User:Jw13918
NH3 molecule
What is the molecule? Ammonia.
What is the calculation method? RB3LYP
What is the basis set? 6-31G(d,p)
What is the final energy E(RB3LYP) in atomic units (au)? -56.55776873 a.u.
What is the RMS gradient? 0.00000485 a.u.
What is the point group of your molecule? C3V
Optimised N-H bond distance: 1.01798 A
Optimised H-N-H bond angle: 105.741°
Item Value Threshold Converged? Maximum Force 0.000004 0.000450 YES RMS Force 0.000004 0.000300 YES Maximum Displacement 0.000072 0.001800 YES RMS Displacement 0.000035 0.001200 YES
NH3 |
The optimisation file is liked to here
| wavenumber/cm-1 | 1090 | 1694 | 1694 | 3461 | 3590 | 3590 |
|---|---|---|---|---|---|---|
| symmetry | A1 | E | E | A1 | E | E |
| intensity/arbitrary units | 145 | 14 | 14 | 1 | 0 | 0 |
How many modes do you expect from the 3N-6 rule? 6.
Which modes are degenerate (ie have the same energy)? 2 and 3 are degenerate, 5 and 6 are degenerate.
Which modes are "bending" vibrations and which are "bond stretch" vibrations? "bending" vibrations: 1,2,3. "bond stretch" vibrations: 4,5,6.
Which mode is highly symmetric? mode 4.
One mode is known as the "umbrella" mode, which one is this? mode 1.

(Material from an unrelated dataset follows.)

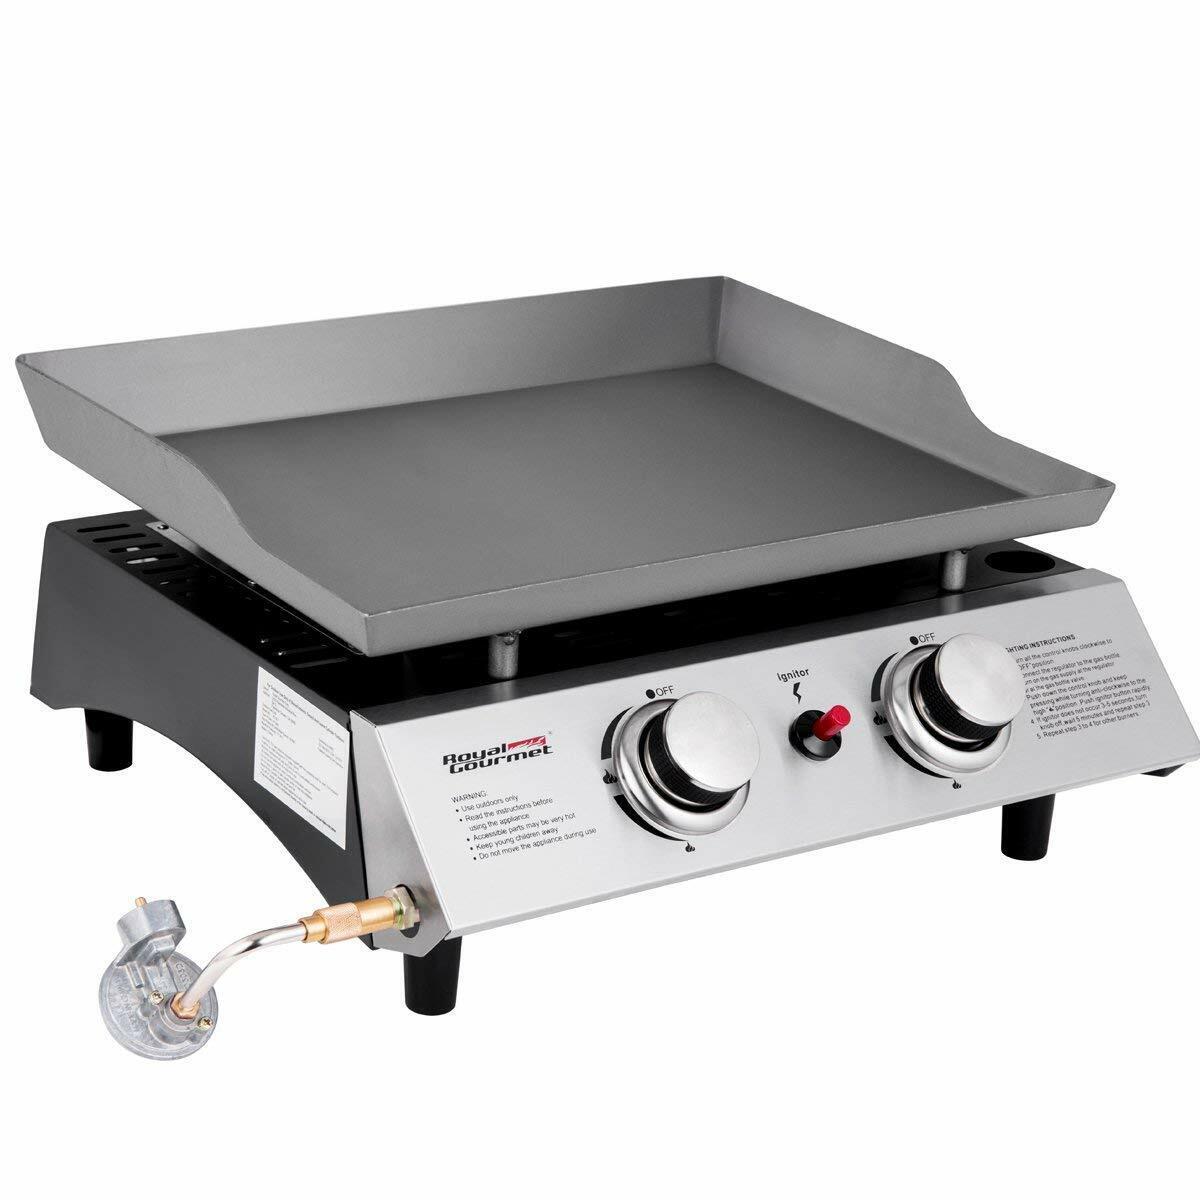 Royal Gourmet BBQ Propane Gas Grill 2 Burner Tabletop Campin

How many bands would you expect to see in an experimental spectrum of gaseous ammonia? 2.
Charge on the N-atom is -1.125, charge on H-atoms is +0.375 because N has higher electronegativity than H.
N2 molecule
What is the molecule? N2.
What is the calculation method? RB3LYP
What is the basis set? 6-31G(d,p)
What is the final energy E(RB3LYP) in atomic units (au)? -109.52412868 a.u.
What is the RMS gradient? 0.00000060 a.u.
What is the point group of your molecule? D*H
Optimised N-N bond distance: 1.10550 A
Optimised N-N bond angle: 180°
Item Value Threshold Converged? Maximum Force 0.000001 0.000450 YES RMS Force 0.000001 0.000300 YES Maximum Displacement 0.000000 0.001800 YES RMS Displacement 0.000000 0.001200 YES
N2 |
The optimisation file is liked to here
| wavenumber/cm-1 | 2457 |
|---|---|
| intensity/arbitrary units | 0 |
Charge on N-atoms is 0.
H2 molecule
What is the molecule? H2.
What is the calculation method? RB3LYP
What is the basis set? 6-31G(d,p)
What is the final energy E(RB3LYP) in atomic units (au)? -1.17853936 a.u.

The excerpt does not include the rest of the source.